* What is expected *
For the material below, reproduce exactly each line from the one that has "Kinder T-Shirt Bitte" through the one that has "المصلون يقيمون شعائرهم", and no others; pictures stay out.

* Data in this exercise *
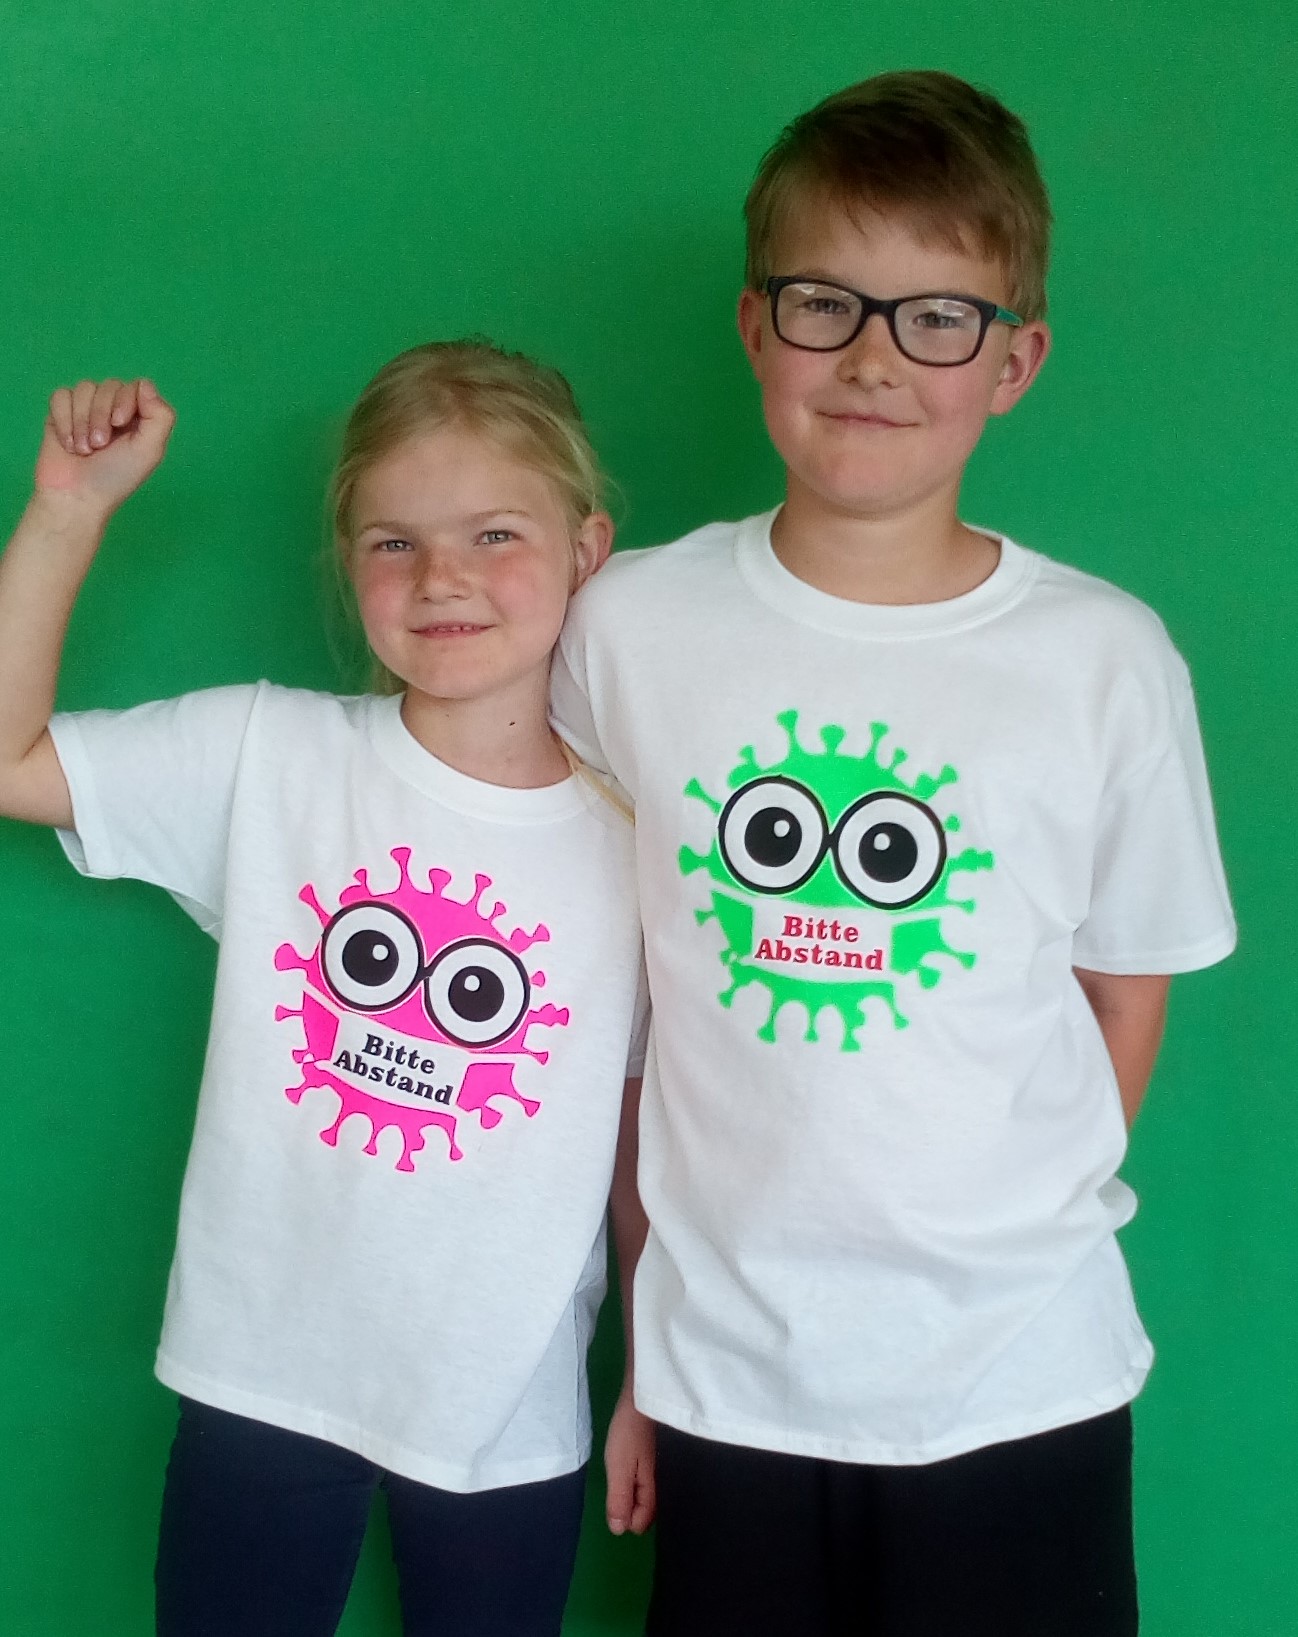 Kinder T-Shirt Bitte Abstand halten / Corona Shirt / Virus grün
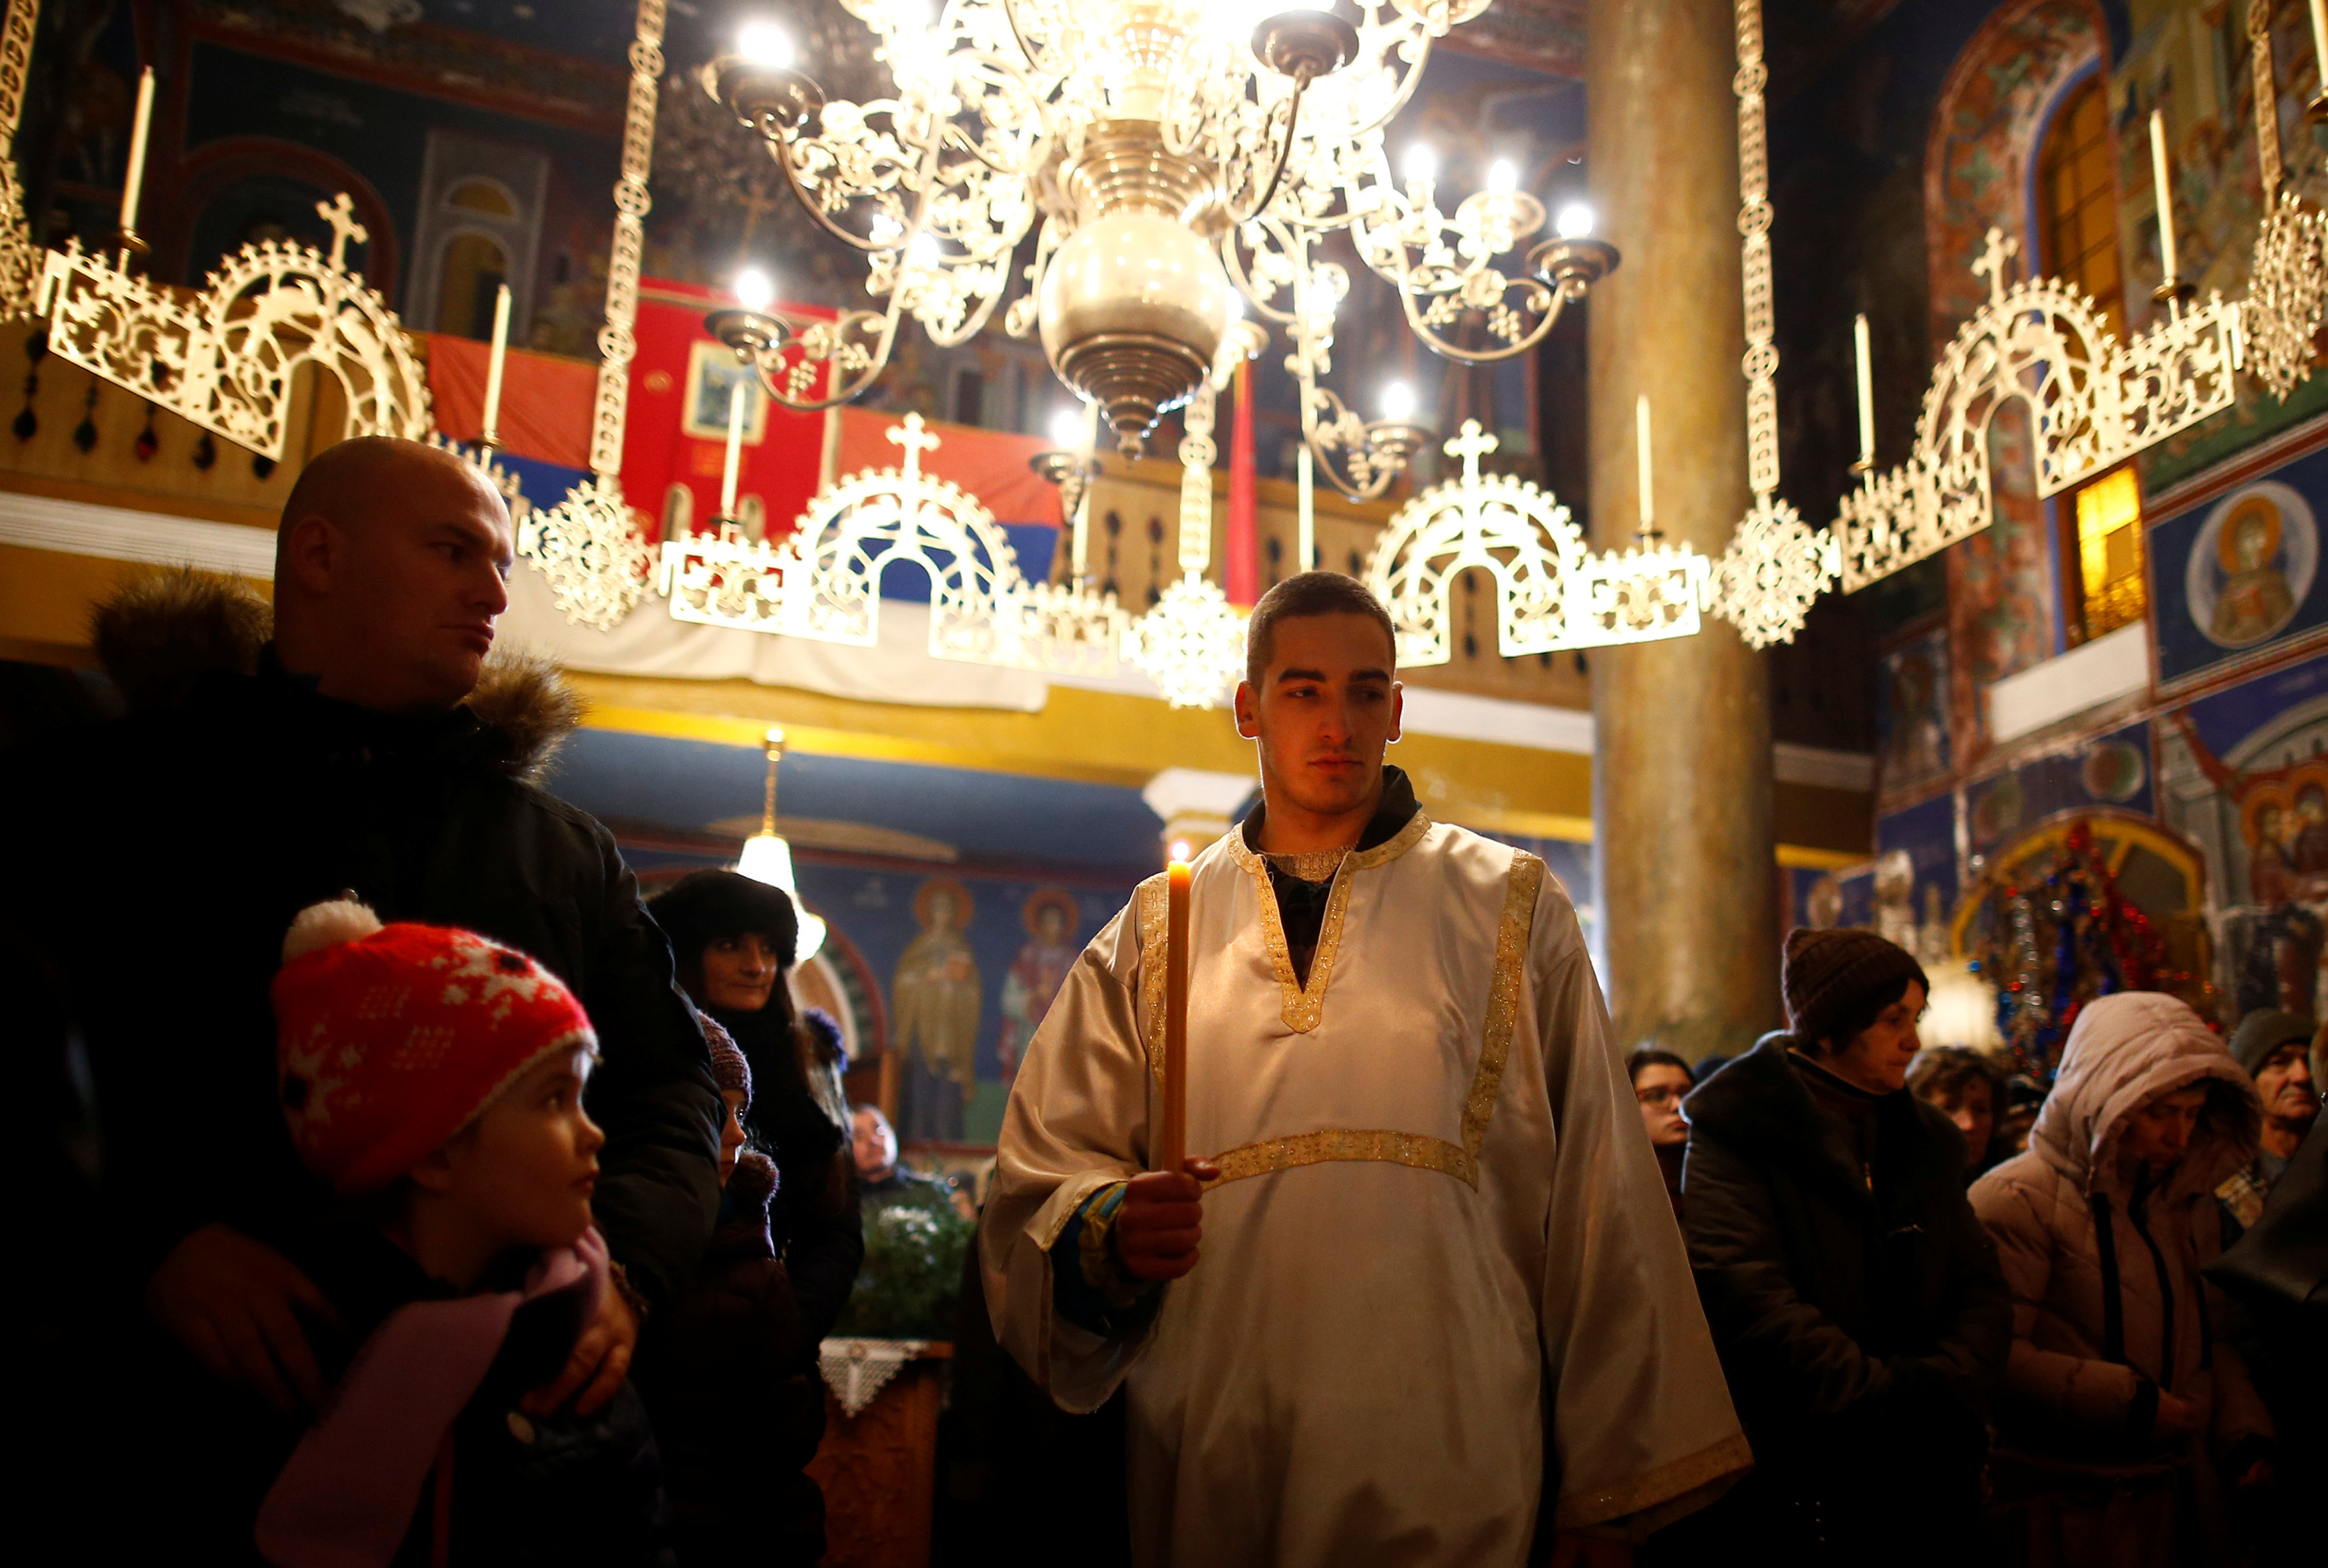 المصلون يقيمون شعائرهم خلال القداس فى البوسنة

...

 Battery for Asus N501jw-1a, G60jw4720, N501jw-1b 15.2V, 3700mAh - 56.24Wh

---

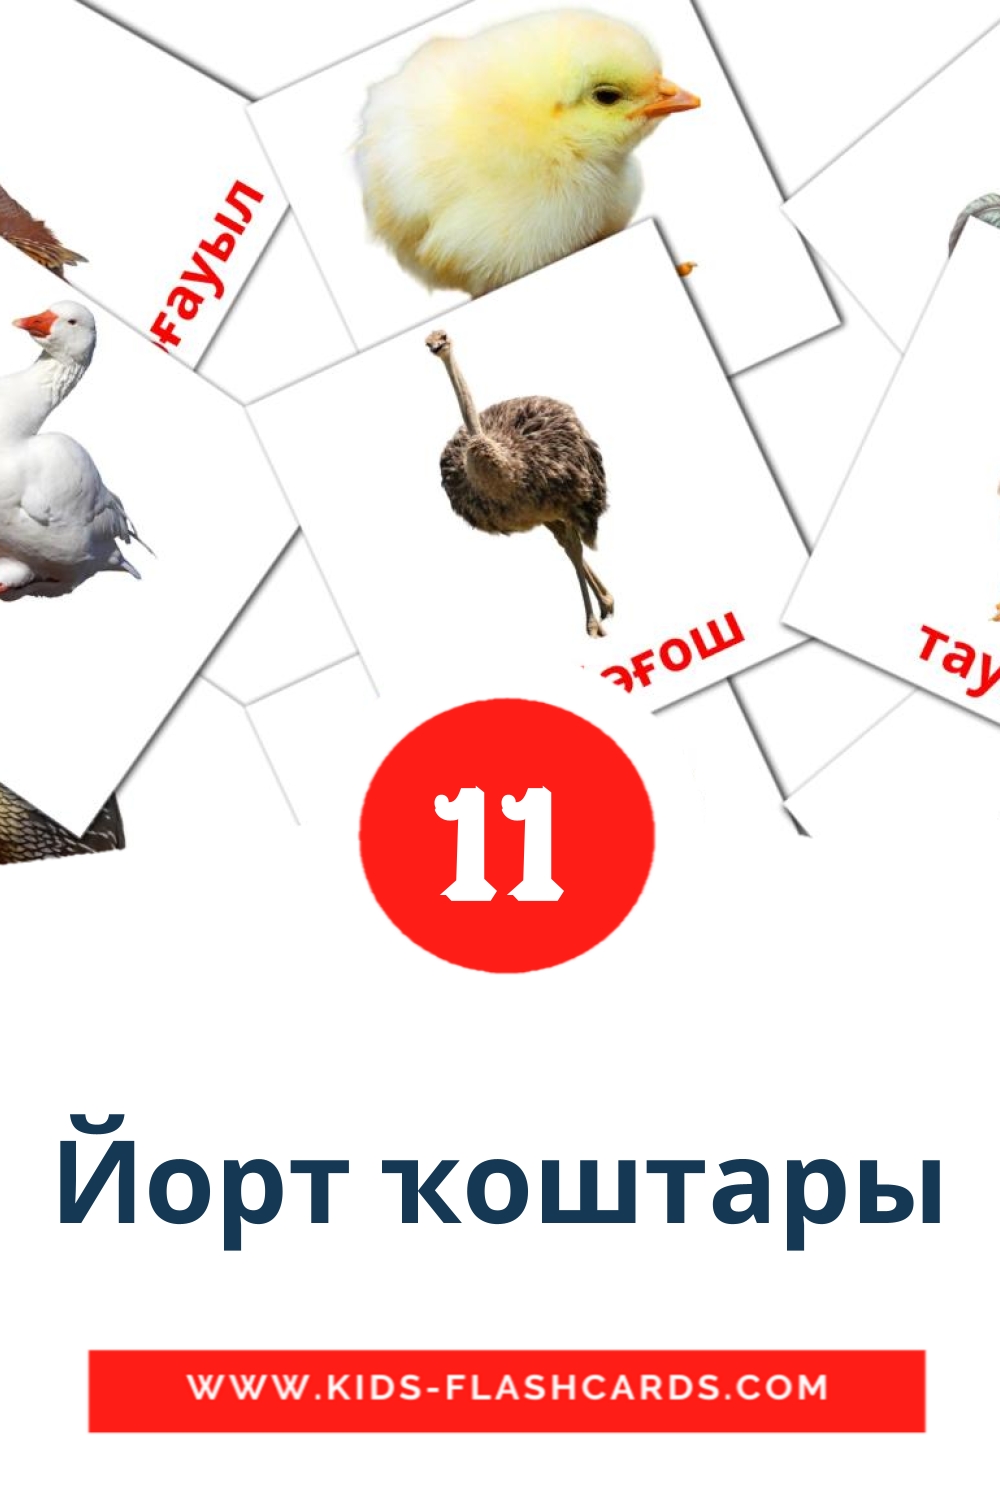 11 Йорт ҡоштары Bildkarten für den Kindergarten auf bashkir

* Exercise solution *
 Kinder T-Shirt Bitte Abstand halten / Corona Shirt / Virus grün
 المصلون يقيمون شعائرهم خلال القداس فى البوسنة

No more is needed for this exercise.